Copy out the listing below exactly, please, and skip any pictures.

== Dataset content ==
↓↓↓

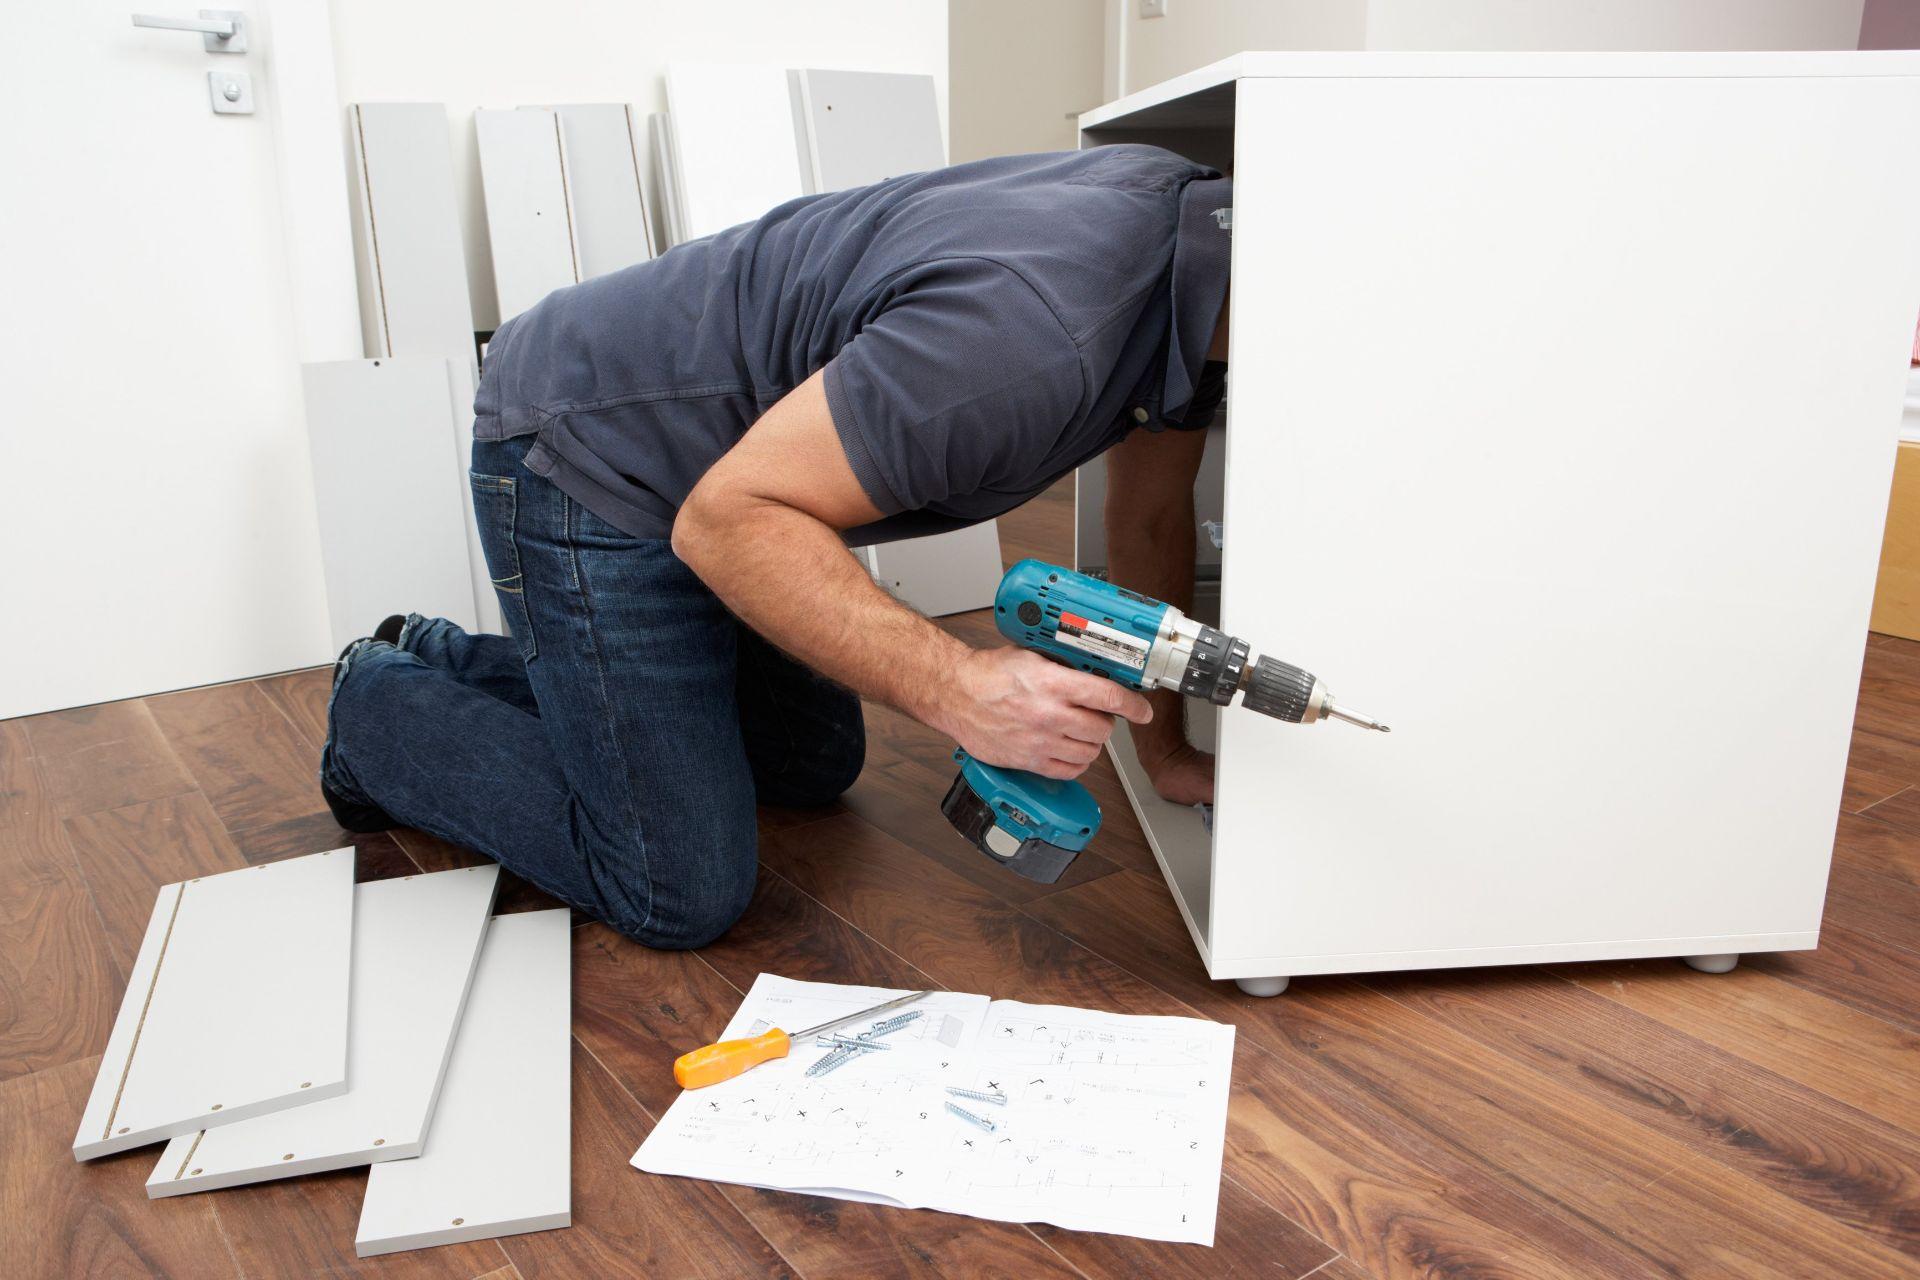 Assembling other IKEA furniture
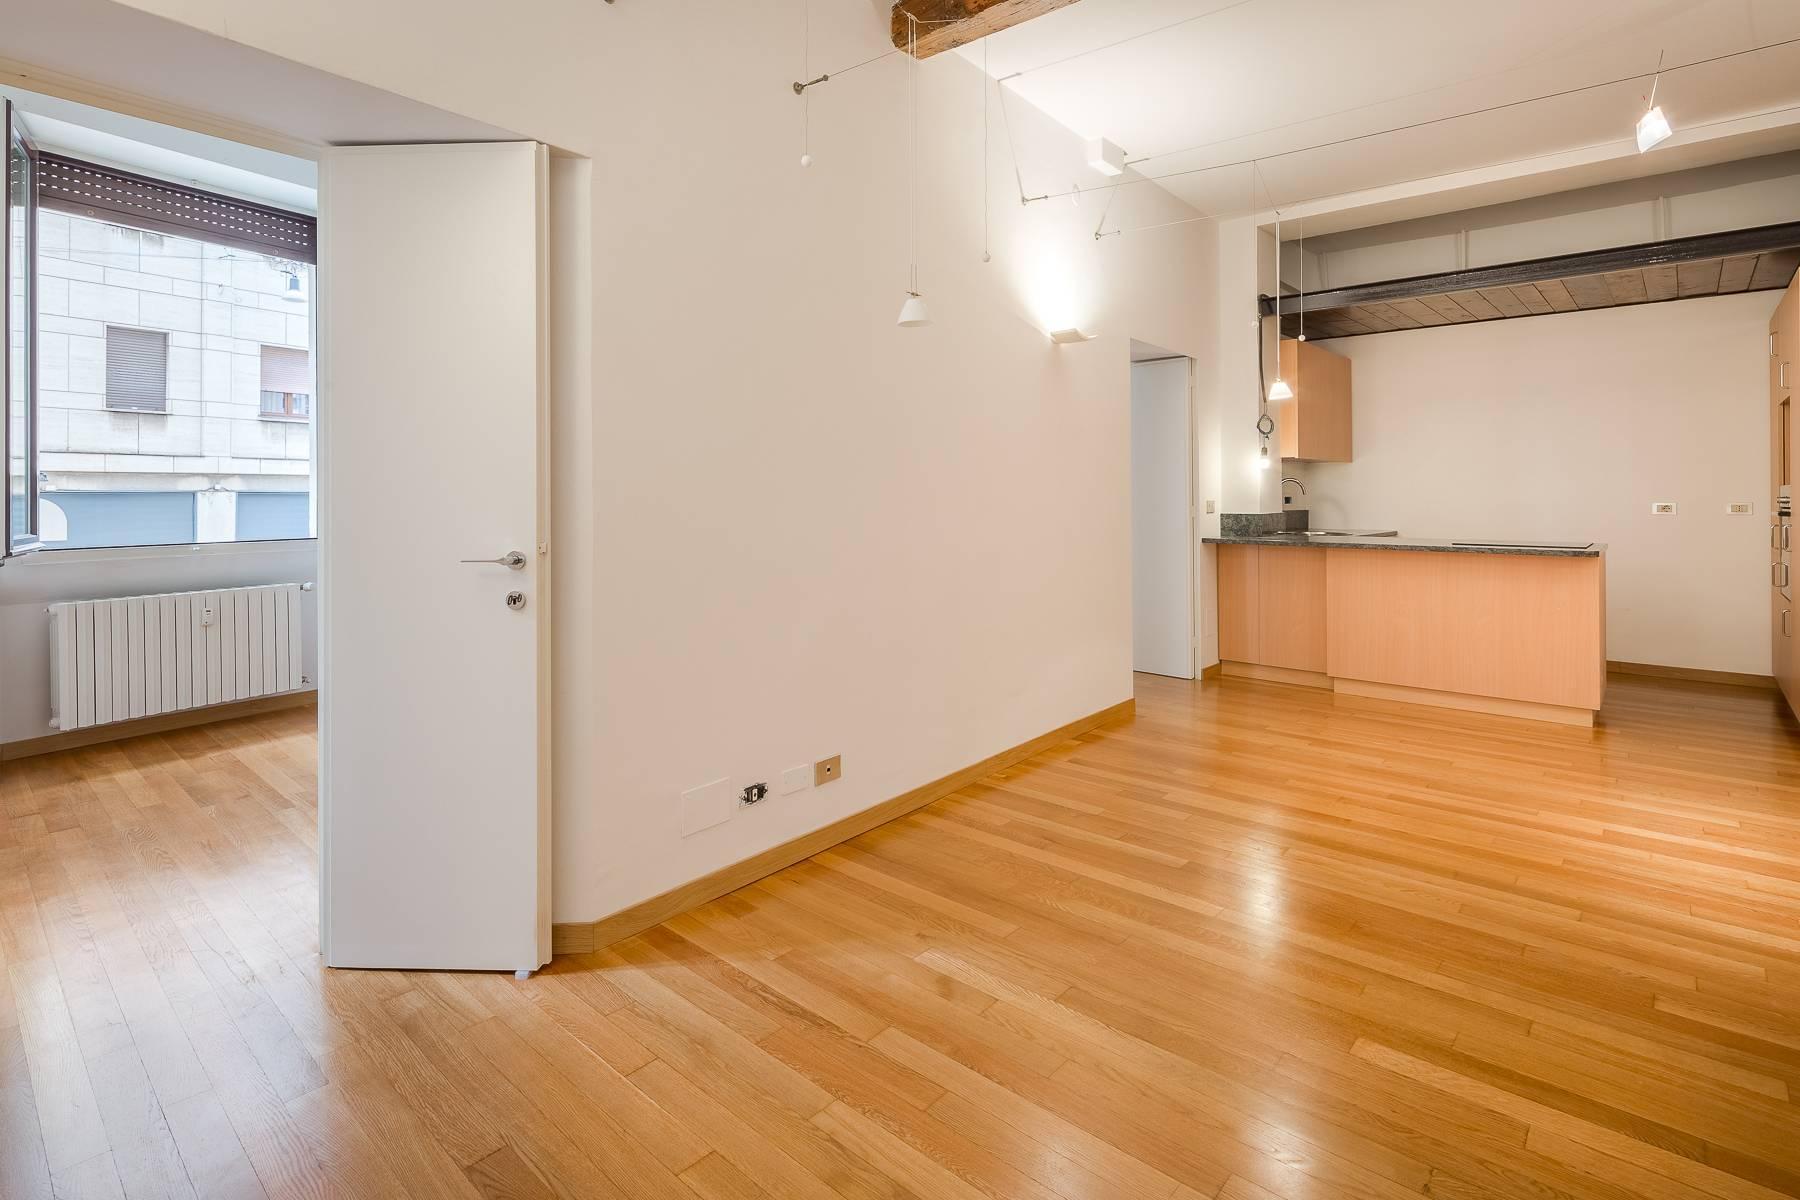 Apartment in an elegant period building located in a prestigious city district - 24
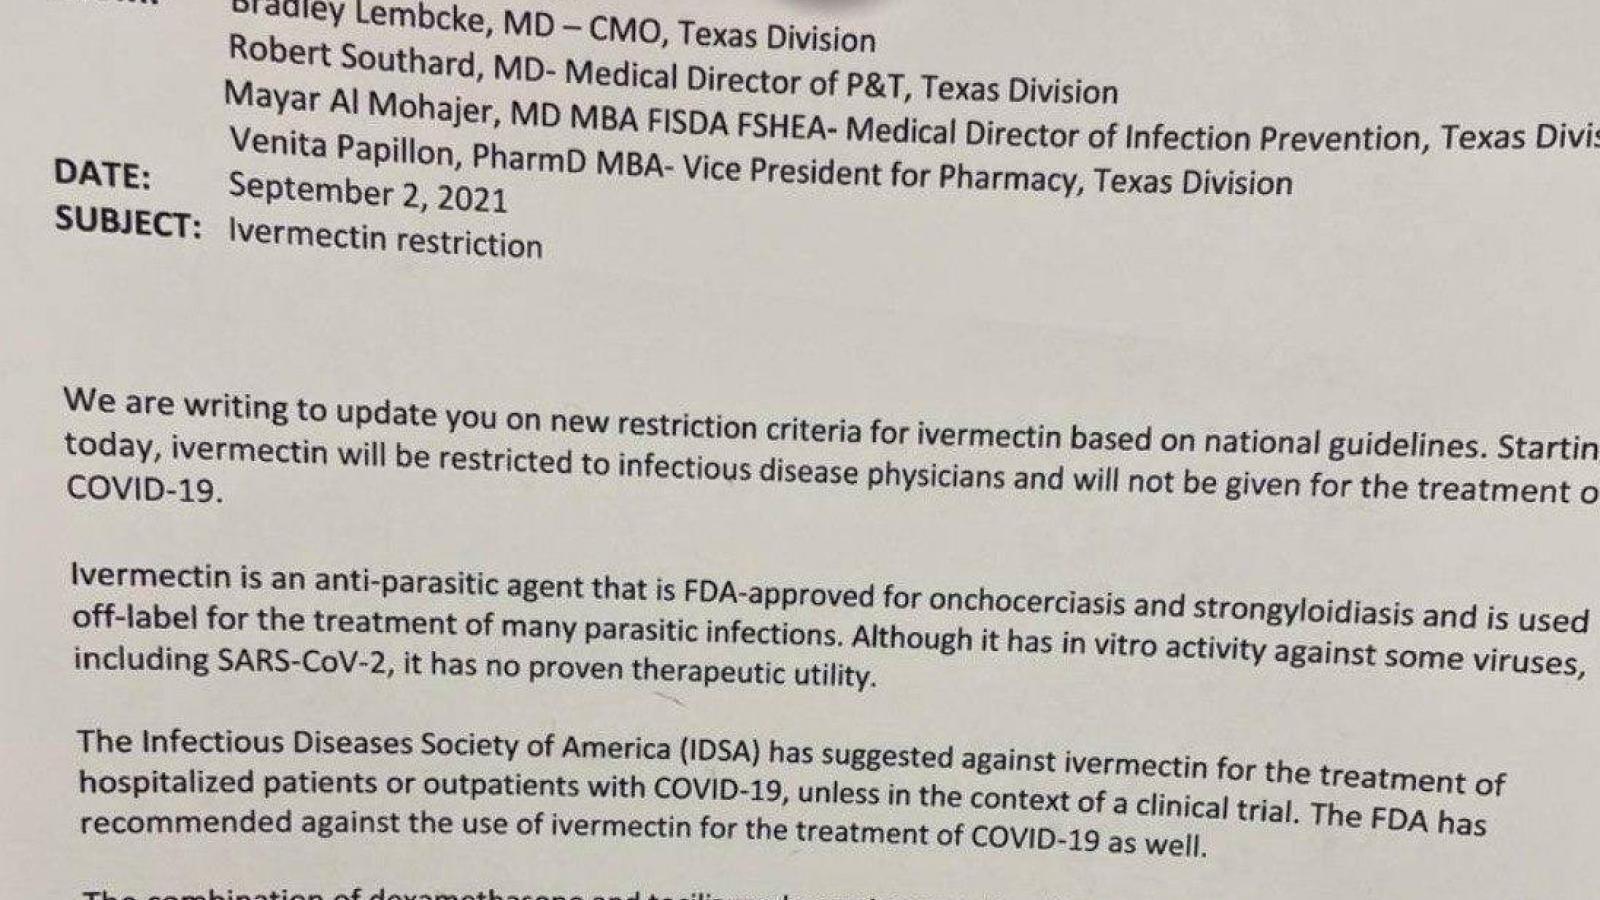 St. Luke's Health memo banning ivermectin to treat COVID
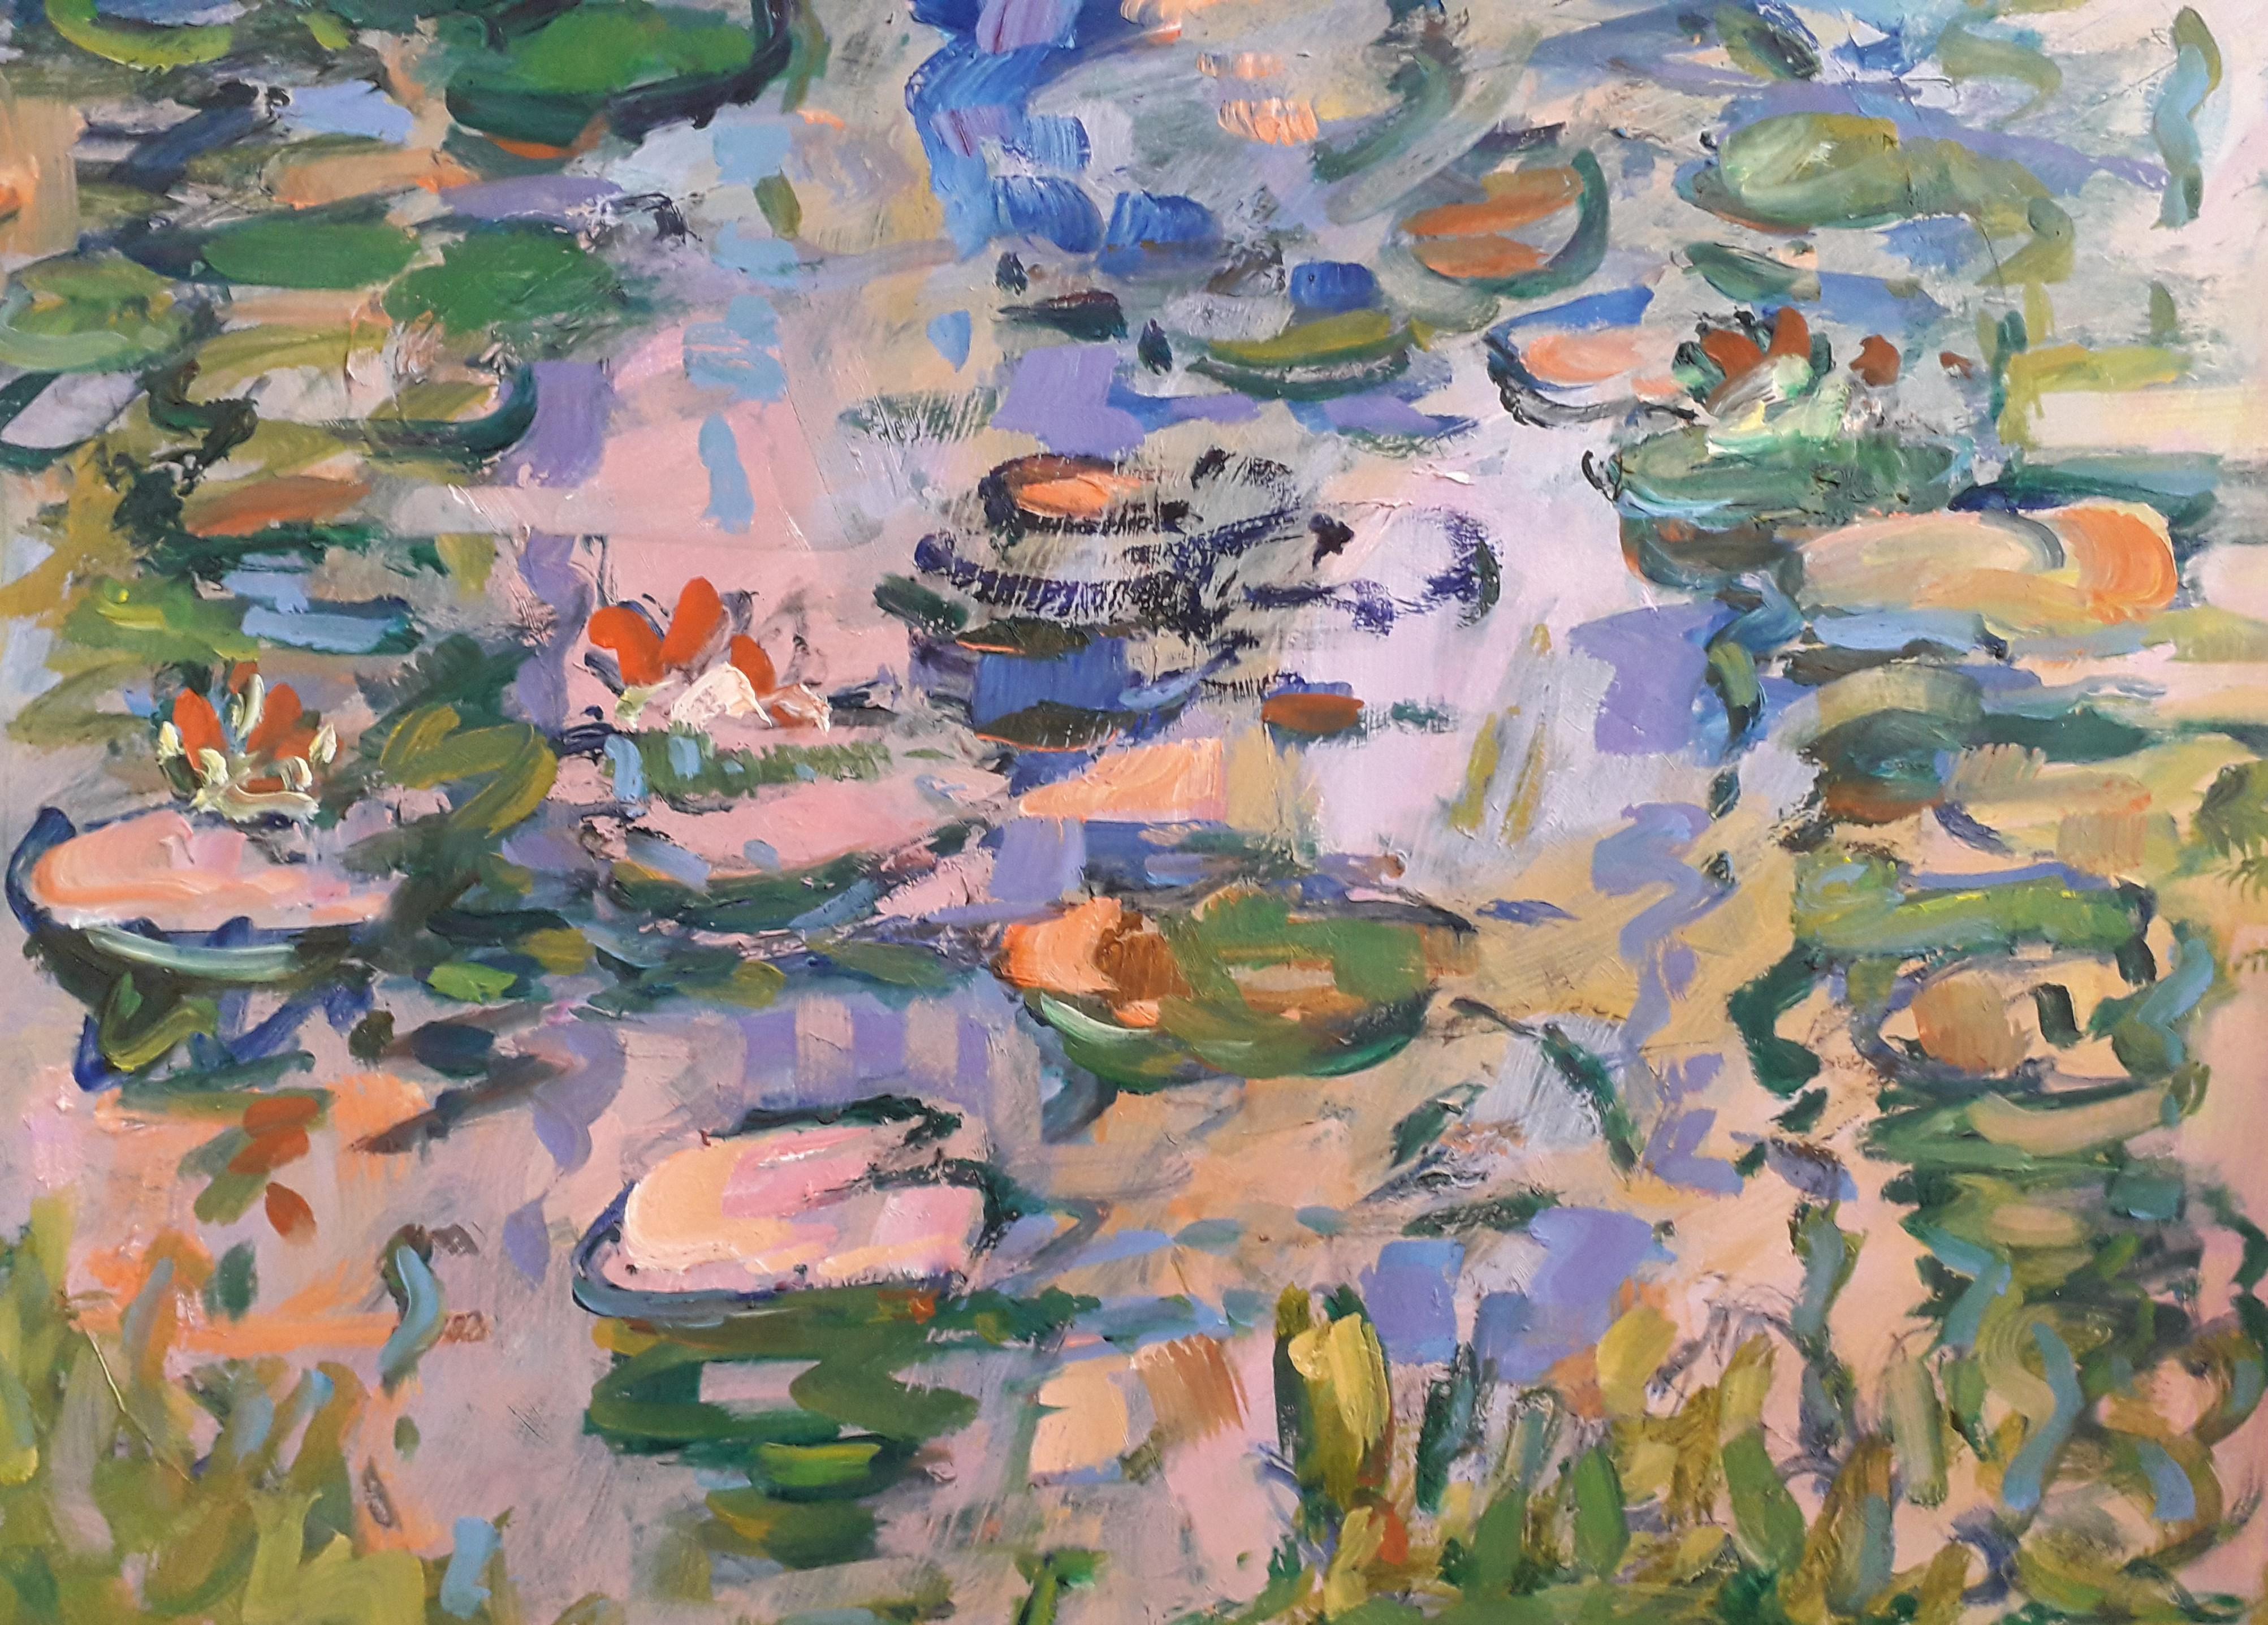 Frans Bianchi Waterlelies4

↑↑↑

== Response area ==
 Assembling other IKEA furniture
 Apartment in an elegant period building located in a prestigious city district - 24
 St. Luke's Health memo banning ivermectin to treat COVID
 Frans Bianchi Waterlelies4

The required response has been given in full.